Gil Víctor A, Guallar Víctor
Joint BSC-CRG-IRB Research Program in Computational Biology, Barcelona Supercomputing Center, Jordi Girona 29, 08034 Barcelona, Spain.
Institució Catalana de Recerca i Estudis Avançats (ICREA), Passeig Lluís Companys 23, E-08010 Barcelona, Spain.
J Chem Theory Comput. 2014 Aug 12;10(8):3236-43. doi: 10.1021/ct500306s. Epub 2014 Jul 28.

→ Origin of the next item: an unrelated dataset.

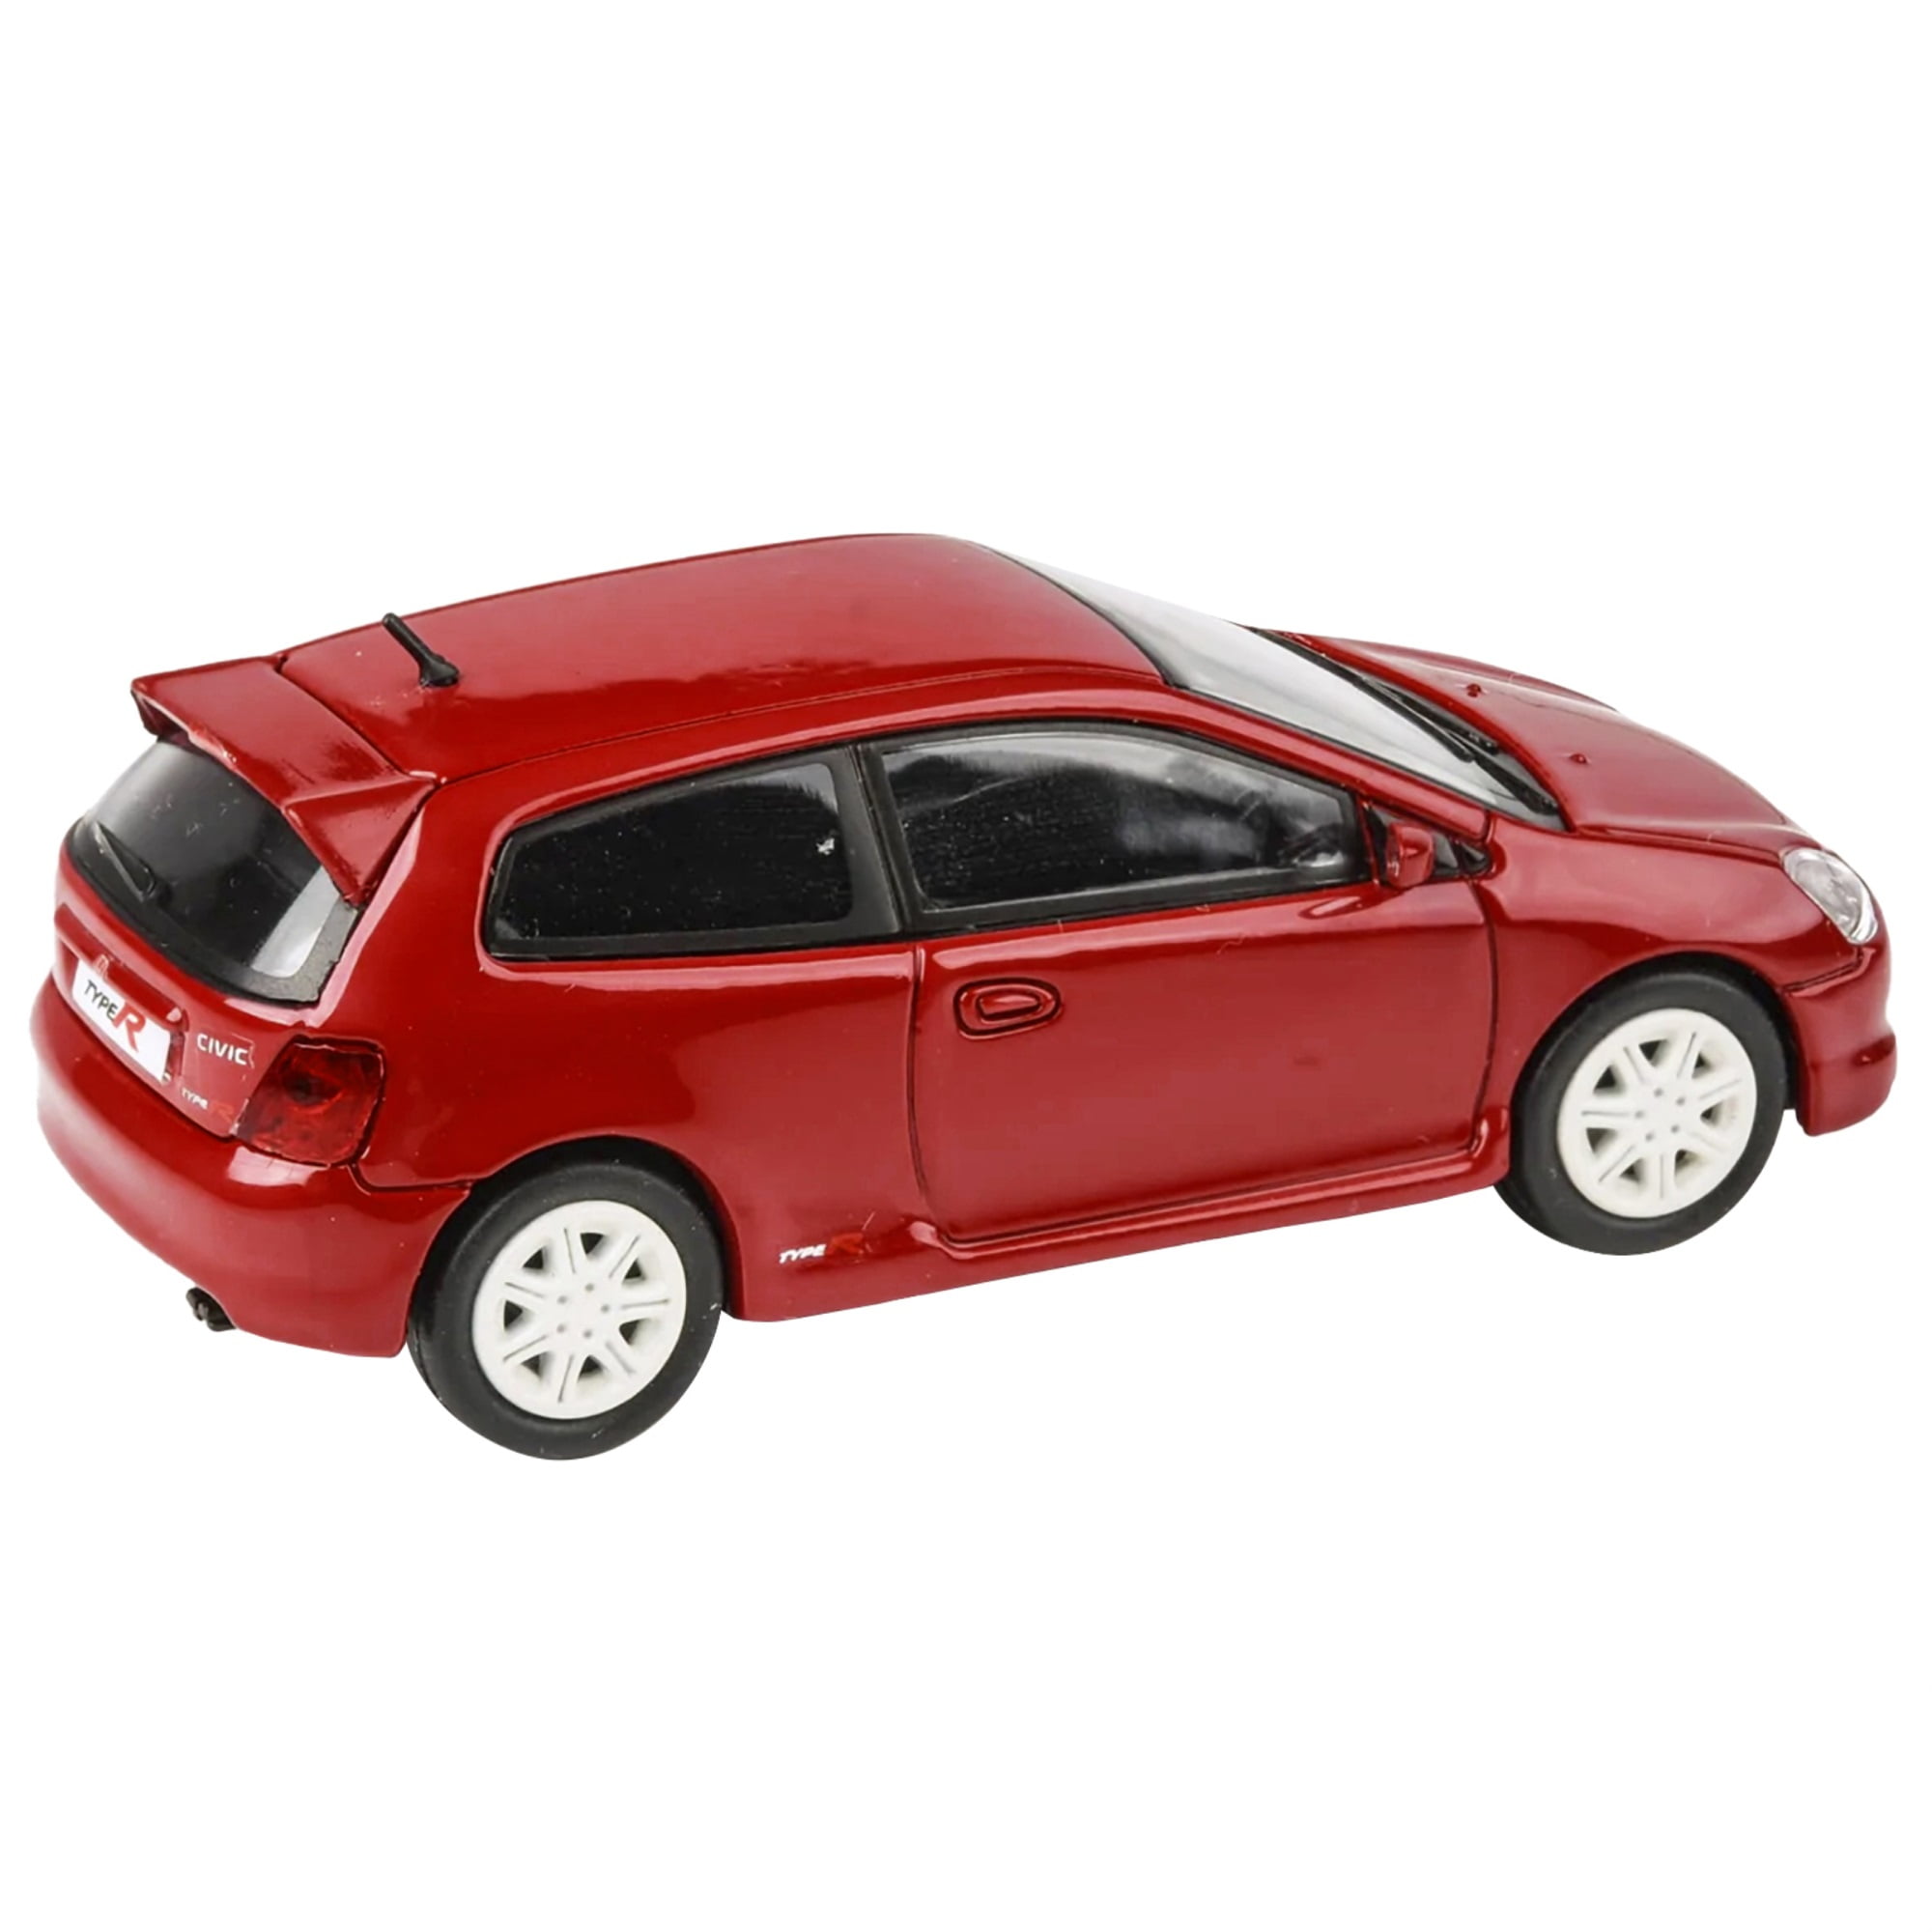 Miniature Car Model Honda Civic Type-r 1:32,red

Cluster analysis is becoming a relevant tool in structural bioinformatics. It allows analyzing large conformational ensembles in order to extract features or diminish redundancy, or just as a first step for other methods. Unfortunately, the successfulness of this analysis strongly depends on the data set traits, the chosen algorithm, and its parameters, which can lead to poor or even erroneous results not easily detected. In order to overcome this problem, we have developed pyProCT, a Python open source cluster analysis toolkit specially designed to be used with ensembles of biomolecule conformations. pyProCT implements an automated protocol to choose the clustering algorithm and parameters that produce the best results for a particular data set. It offers different levels of customization according to users' expertise. Moreover, pyProCT has been designed as a collection of interchangeable libraries, making it easier to reuse it as part of other programs.
聚类分析正成为结构生物信息学中的一种重要工具。它允许分析大型构象集合,以提取特征或减少冗余,或者仅仅作为其他方法的第一步。不幸的是,这种分析的成功很大程度上取决于数据集特征、所选算法及其参数,这可能导致不易检测到的不良甚至错误结果。为了克服这个问题,我们开发了pyProCT,这是一个专门设计用于生物分子构象集合的Python开源聚类分析工具包。pyProCT实现了一个自动协议,用于选择能为特定数据集产生最佳结果的聚类算法和参数。它根据用户的专业知识提供不同程度的定制。此外,pyProCT被设计为一个可互换库的集合,使其更易于作为其他程序的一部分进行重用。